In traditional model reduction, low-cost low-fidelity models are explicitly constructed to replace computationally expensive high-fidelity models for speeding up computations. In contrast, in multi-fidelity methods, low-
and high-fidelity models are used together, therefore the primary purpose of low-fidelity models is supporting
computations with the high-fidelity models rather than approximating and replacing them.
In the first part of this talk, we introduce a Data-driven Multi-fidelity Monte Carlo approach in which a
hierarchy of low-fidelity models are constructed using both the full set of uncertain inputs and subsets comprising
only selected, important parameters. We illustrate the power of this method by applying it to a realistic plasma
turbulence problem with 14 stochastic parameters, demonstrating that it is about two orders of magnitude
more efficient than standard Monte Carlo methods measured in single-core performance, which translates into
a runtime reduction from around eight days to one hour on 240 cores on parallel machines.

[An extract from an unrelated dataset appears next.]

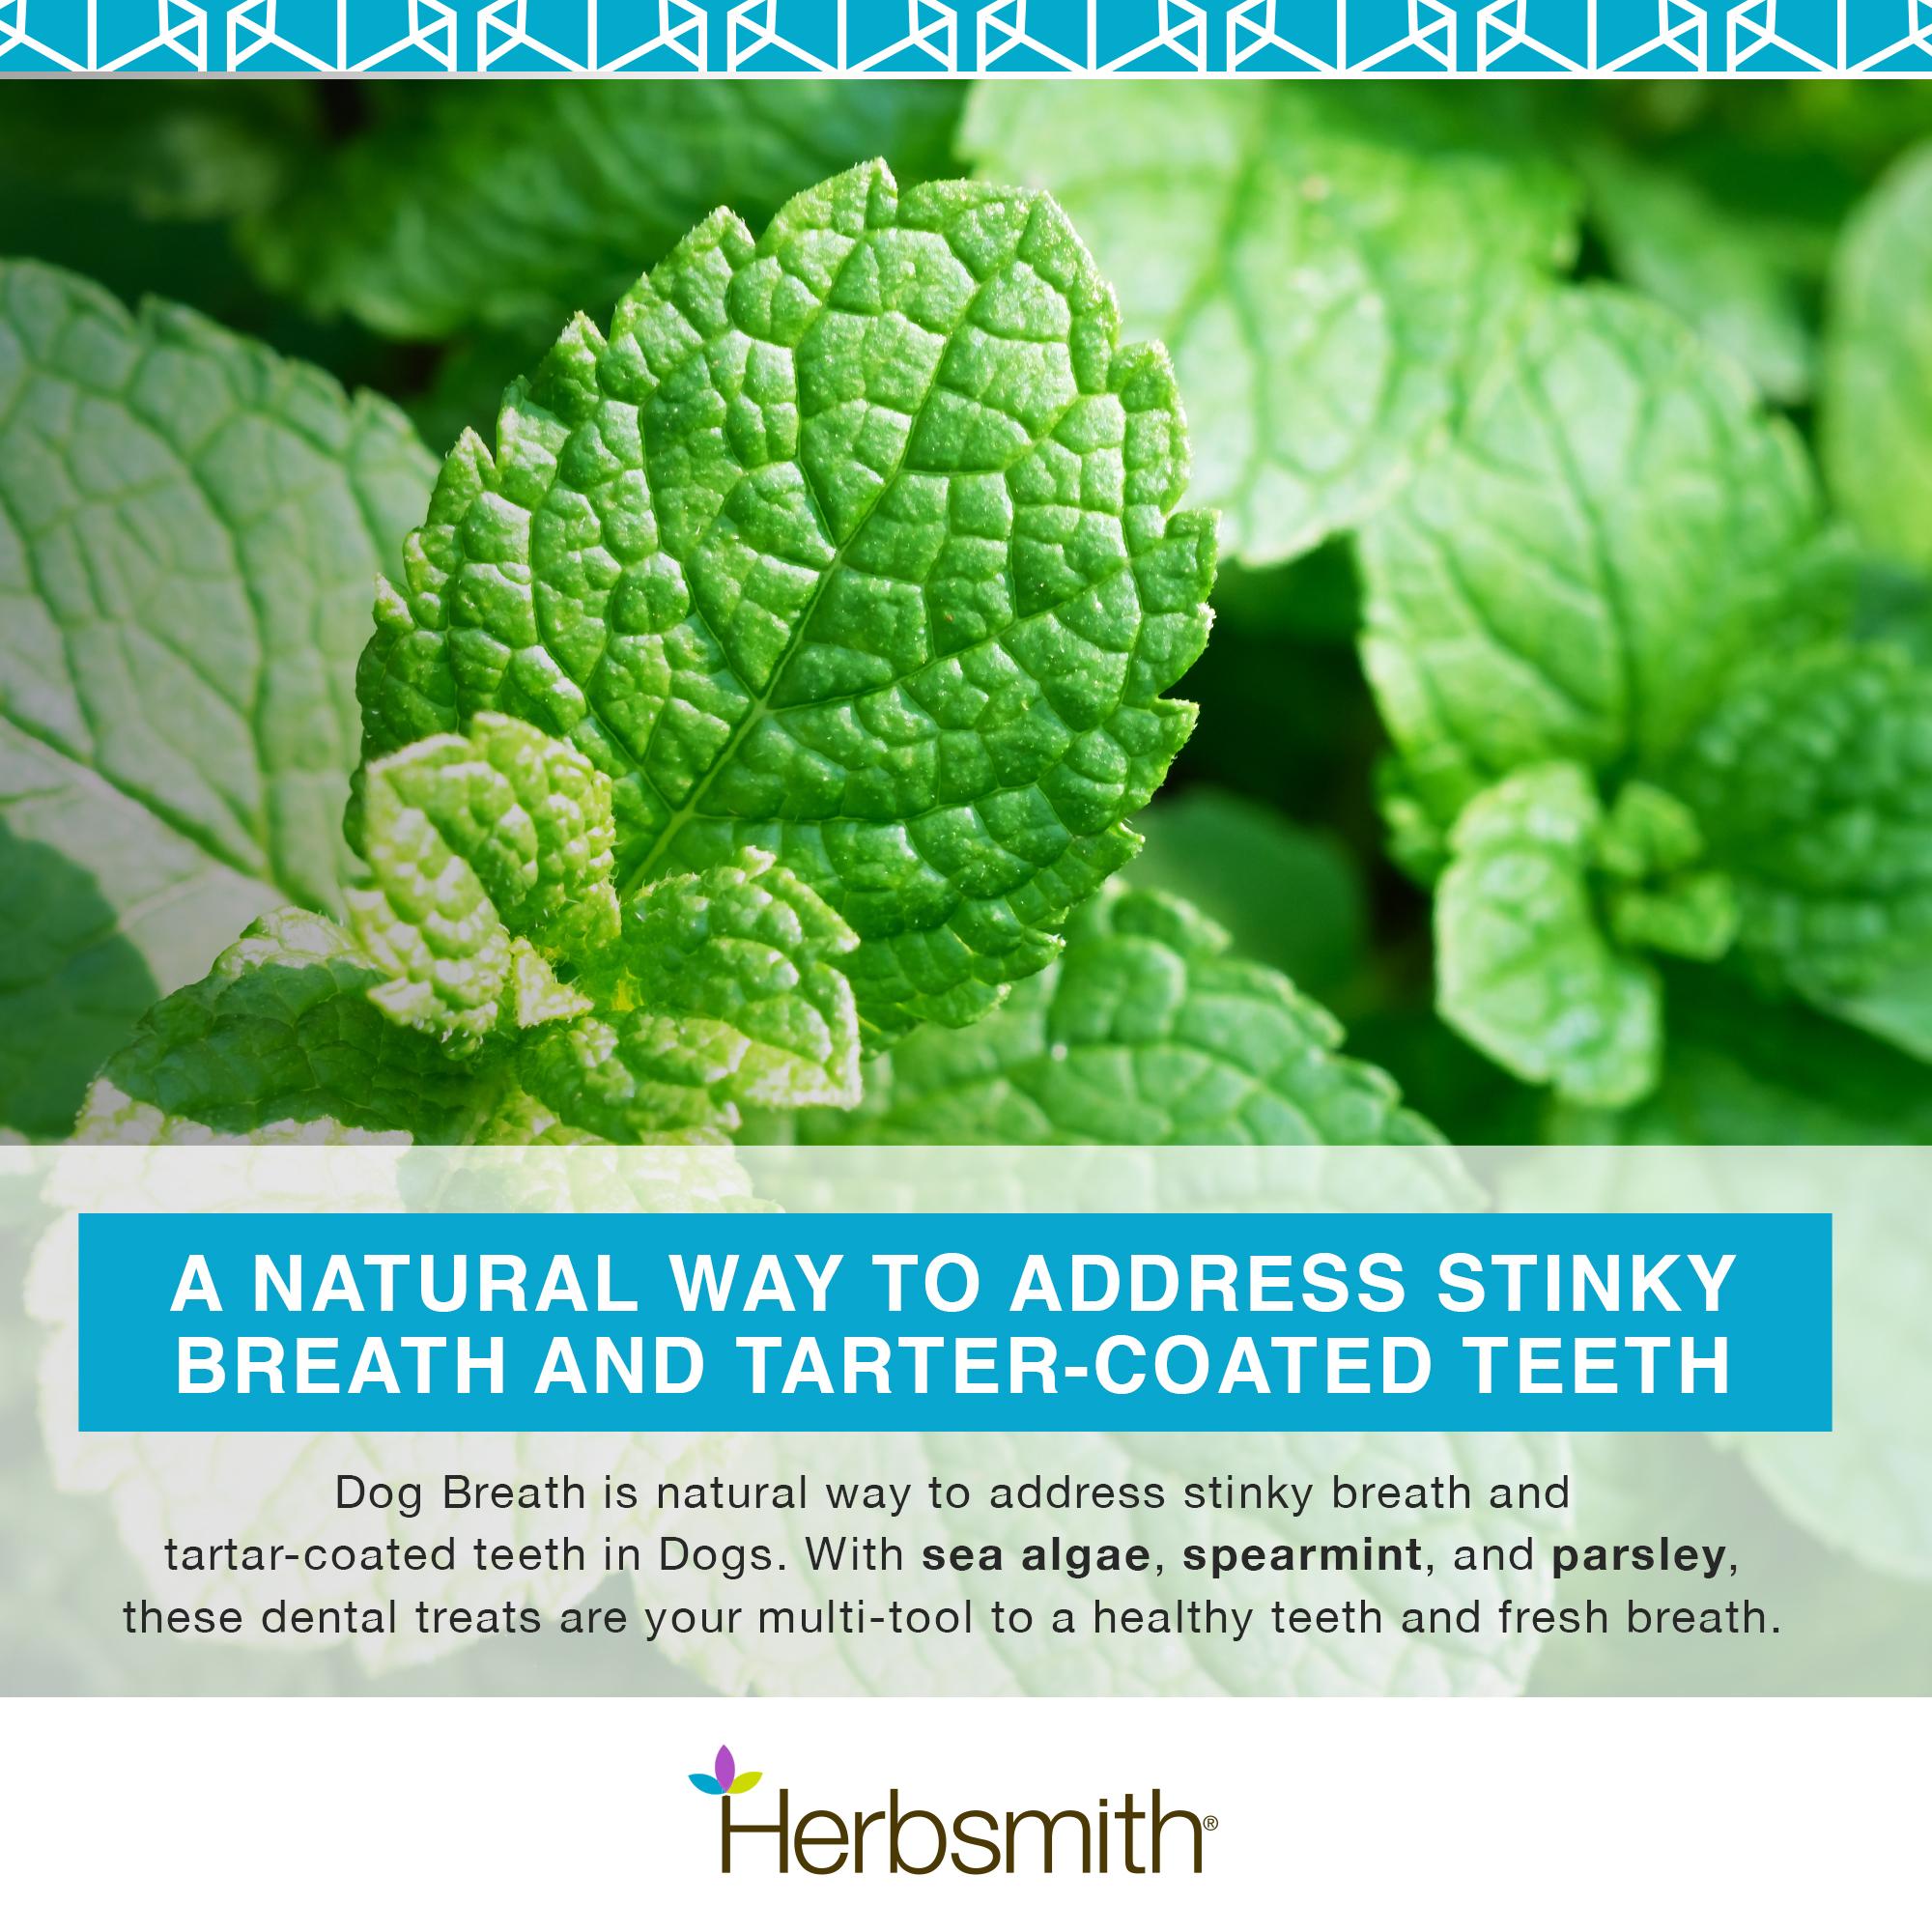 herbsmith-amazon-art-files-dog-breath-Final-ingredients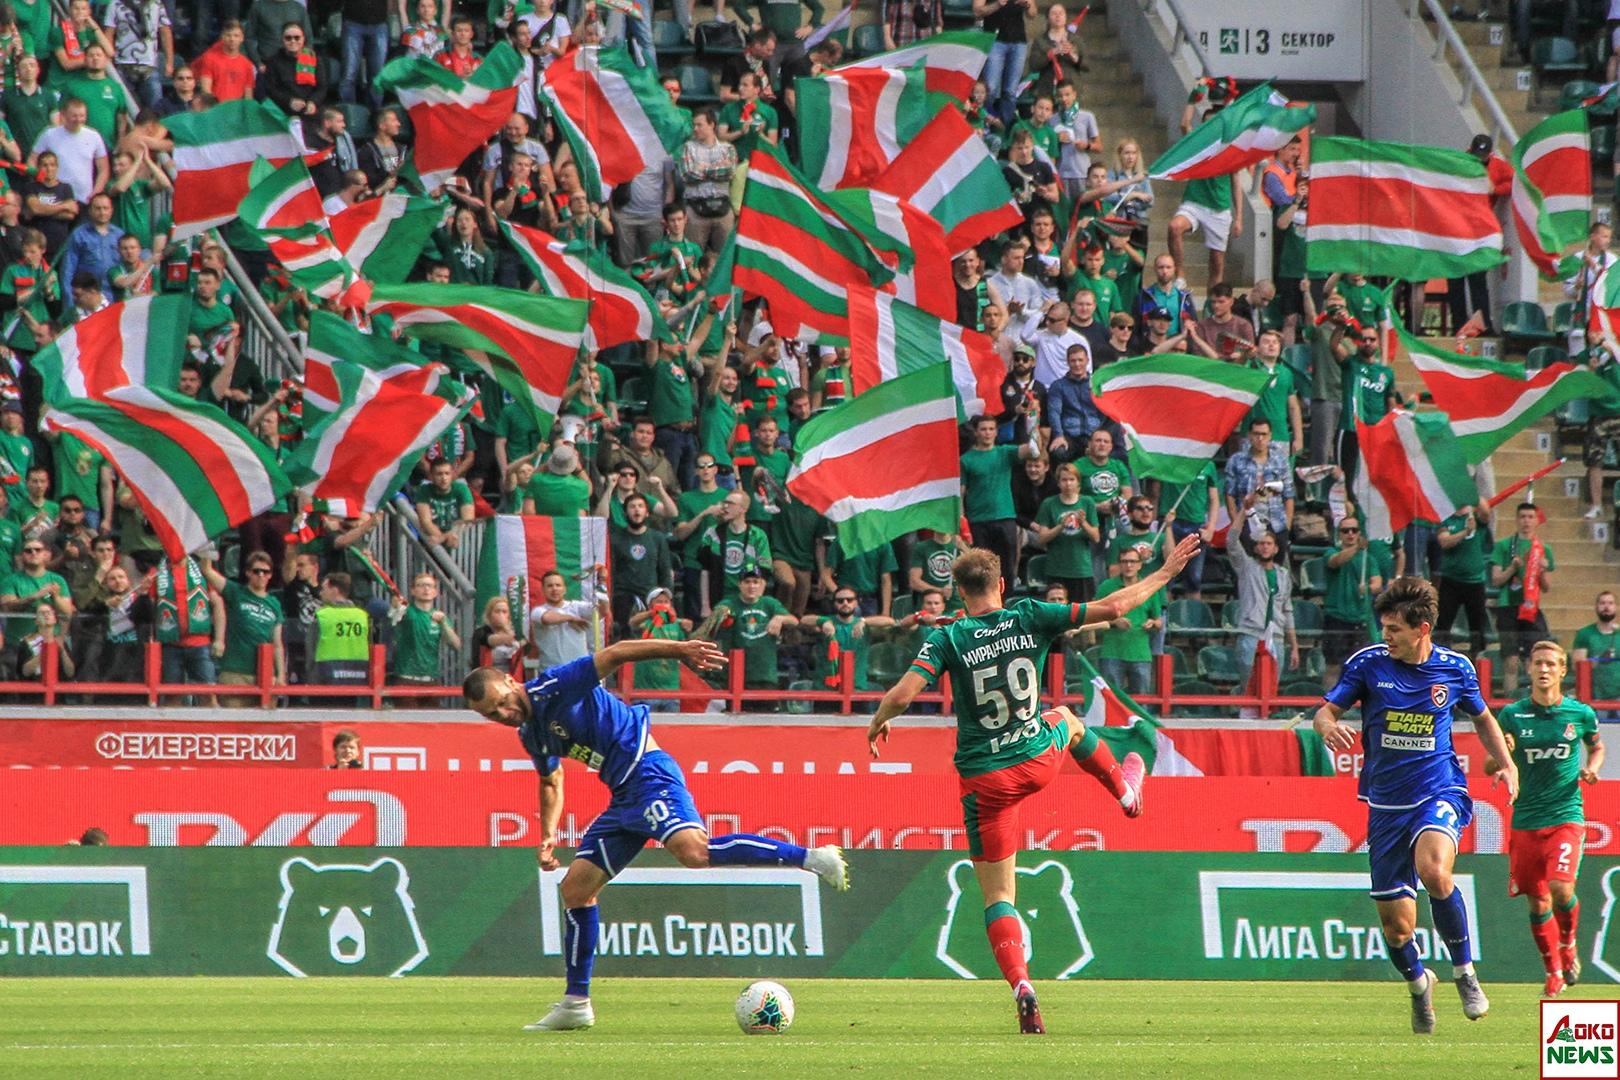 Локомотив - Тамбов. Фото: Дмитрий Бурдонов / Loko.News

In the second part, we present our Context-aware Multi-fidelity Monte Carlo sampling
algorithm, in which context-aware low-fidelity models are explicitly constructed for being used together with
high-fidelity models. This is realized by quasi-optimally trading off adapting the low-fidelity models–to improve
their deterministic approximation quality–with sampling the models–to reduce the statistical error. Our analysis
shows that the quasi-optimal computational effort to spend on improving the low-fidelity models is bounded,
meaning that low-fidelity models can become too accurate for multi-fidelity methods, which is in stark contrast
to traditional model reduction. We illustrate our context-aware algorithm in a realistic plasma turbulence simulations with $12$ uncertain parameters, in which, for example, only $263$ high-fidelity samples are necessary to train a fully-connected feed-forward deep neuronal network model.